FAREED ZAKARIA, HOST: When Malaysian Airlines Flight 17 was shot down over Ukraine 15 months ago, 193 Dutch citizens perished. This week, their nation, the Netherlands, released a damning investigative report on how and why its citizens and 105 others died. The report pointed fingers in two different directions. It said that a Russian-made Bukh missile fired from territory controlled by pro-Russian separatists is what downed the airliner. But the report also put some lesser blame on Ukraine, saying the nation had sufficient reason to close its air space before the shoot down occurred. Joining me now for an exclusive interview is Ukraine's president, Petro Poroshenko. Thank you for joining me, Mr. President.
PETRO POROSHENKO, PRESIDENT OF UKRAINE: Thank you for the invitation.
ZAKARIA: Do you believe that Ukraine should have shut down its air space, given the knowledge you had, the violence that was already afoot?
POROSHENKO: Yeah, of course, Ukraine is strictly follow all the recommendations of the ICAO and at that time we closed the air space at the height, it seems to me, 9,725 meters. We don't have any information which give us the necessity to close the air spot above this echelon and we strictly followed the recommendation of the ICAO.
We cannot imagine that the Russia will transfer these highly sophisticated and very technological weapons to the hands of the terrorists and they don't have any background, any–basis for making this decision.

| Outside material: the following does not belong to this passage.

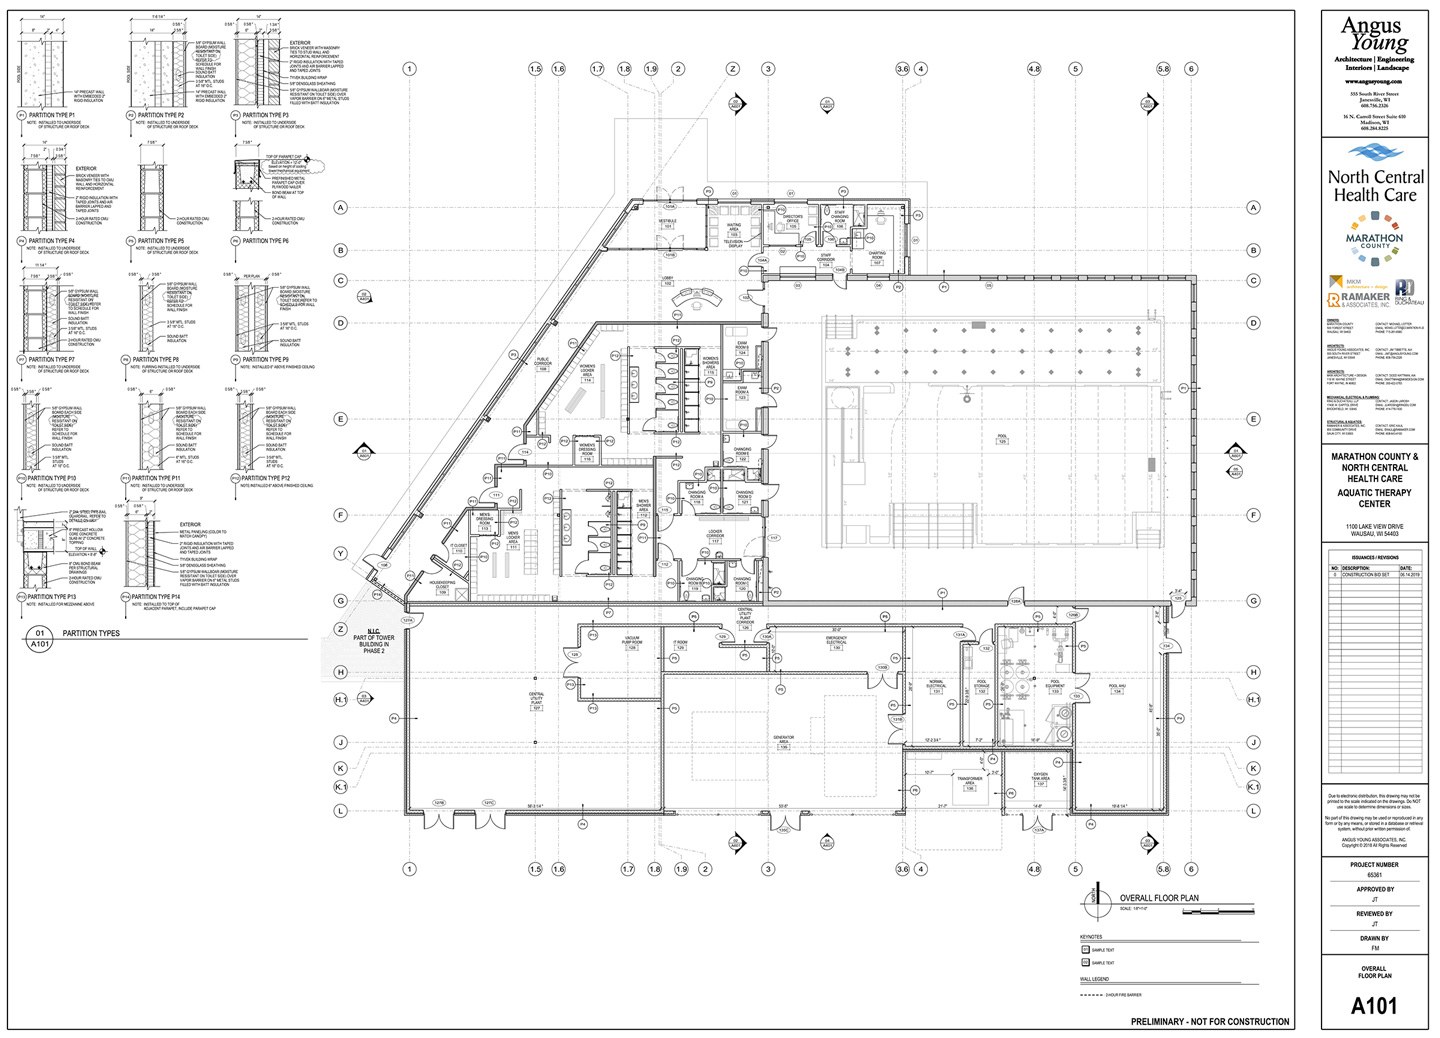 Aquatic Therapy Pool Preliminary Plans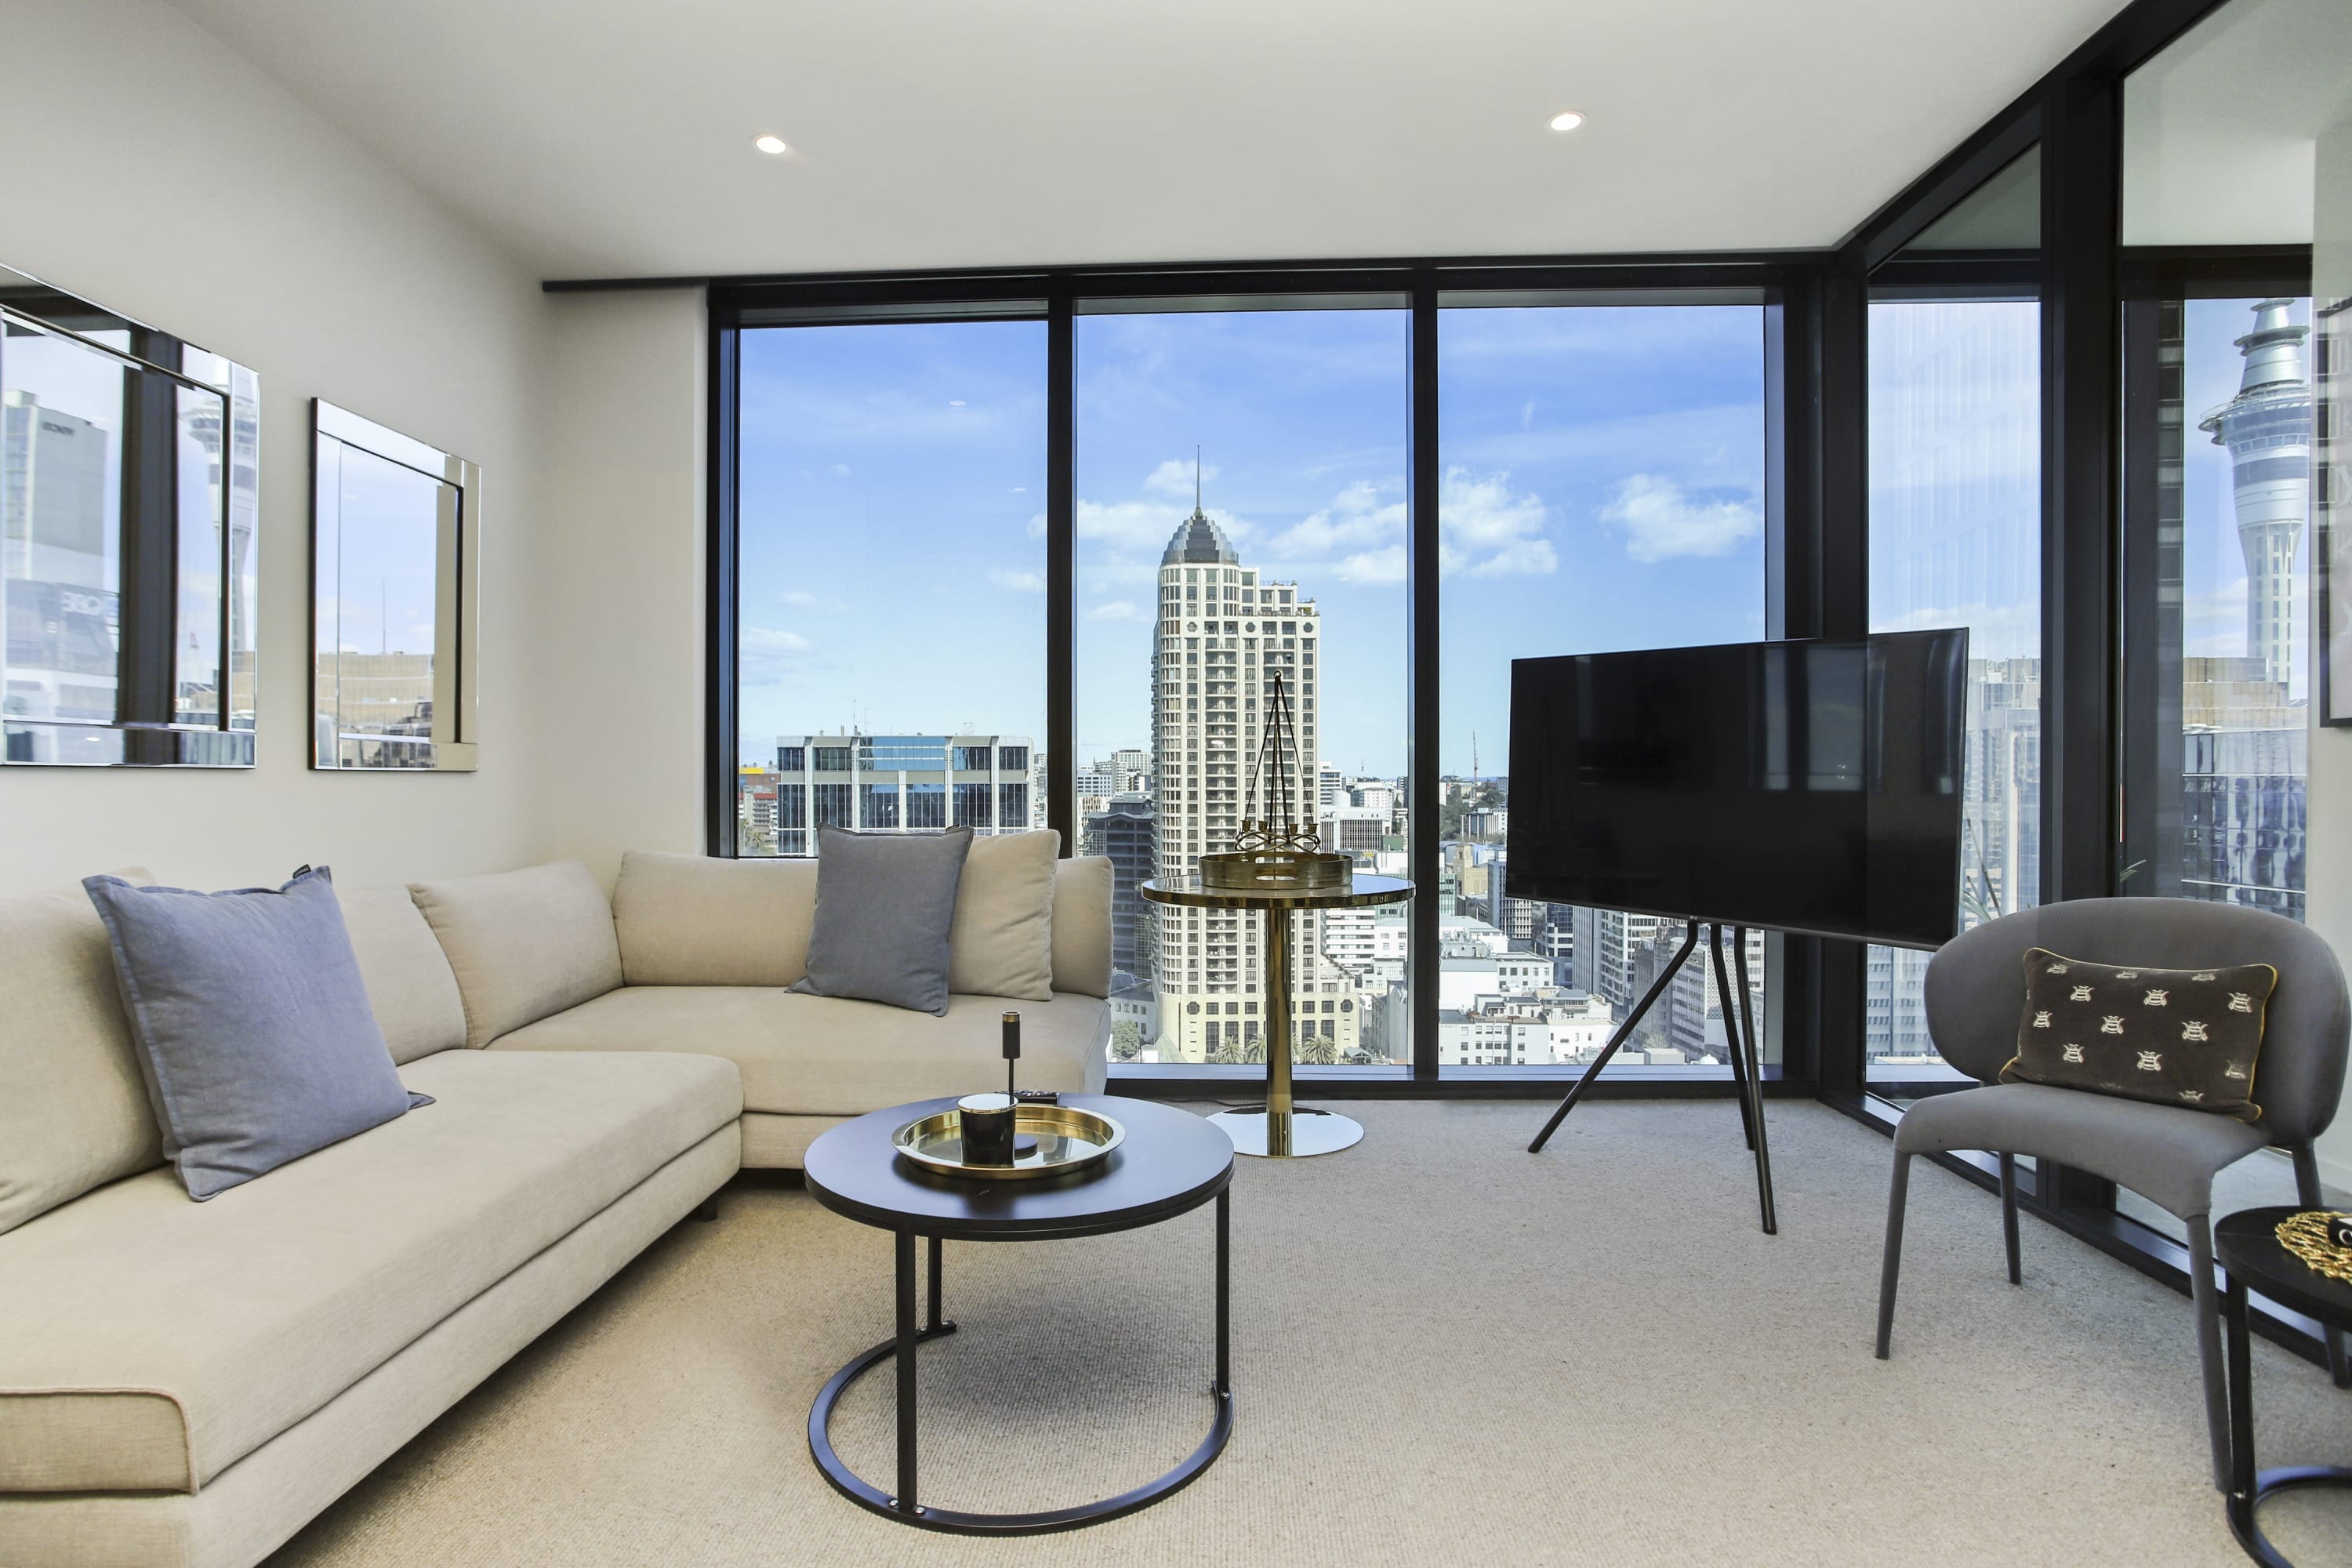 Property Image 2 - Stunning City Views in Elegant Auckland Apartment

ZAKARIA: One of the things people are trying to figure out in the West is, is Vladimir Putin searching for a negotiated settlement in Ukraine? Is he searching for a way to deescalate the situation, to stabilize the situation because he faces a shrinking economy, sanctions, a collapse of oil prices, and now, of course, he has this intervention in Syria? Do you believe that Putin is looking for some kind of settlement?
Do you see any signs of that?
POROSHENKO: I wish, but unfortunately, no. Unfortunately, the - until the September, we have an active committed operation and only now, we have a cease-fire. But unfortunately we don't have any continuation of the implementation of the Minsk process. The same as I told you, the first decision which Putin should make is withdraw his troops from Ukrainian territory. And I think that the absolutely irresponsible behavior of Russia in Syria, when he launched this operation, this is simply continued the logic, logic which we said even last year, at first, it was the Crimea, second, it was Donbass, third, it is Syria, fourth maybe, I don't know, Afghanistan.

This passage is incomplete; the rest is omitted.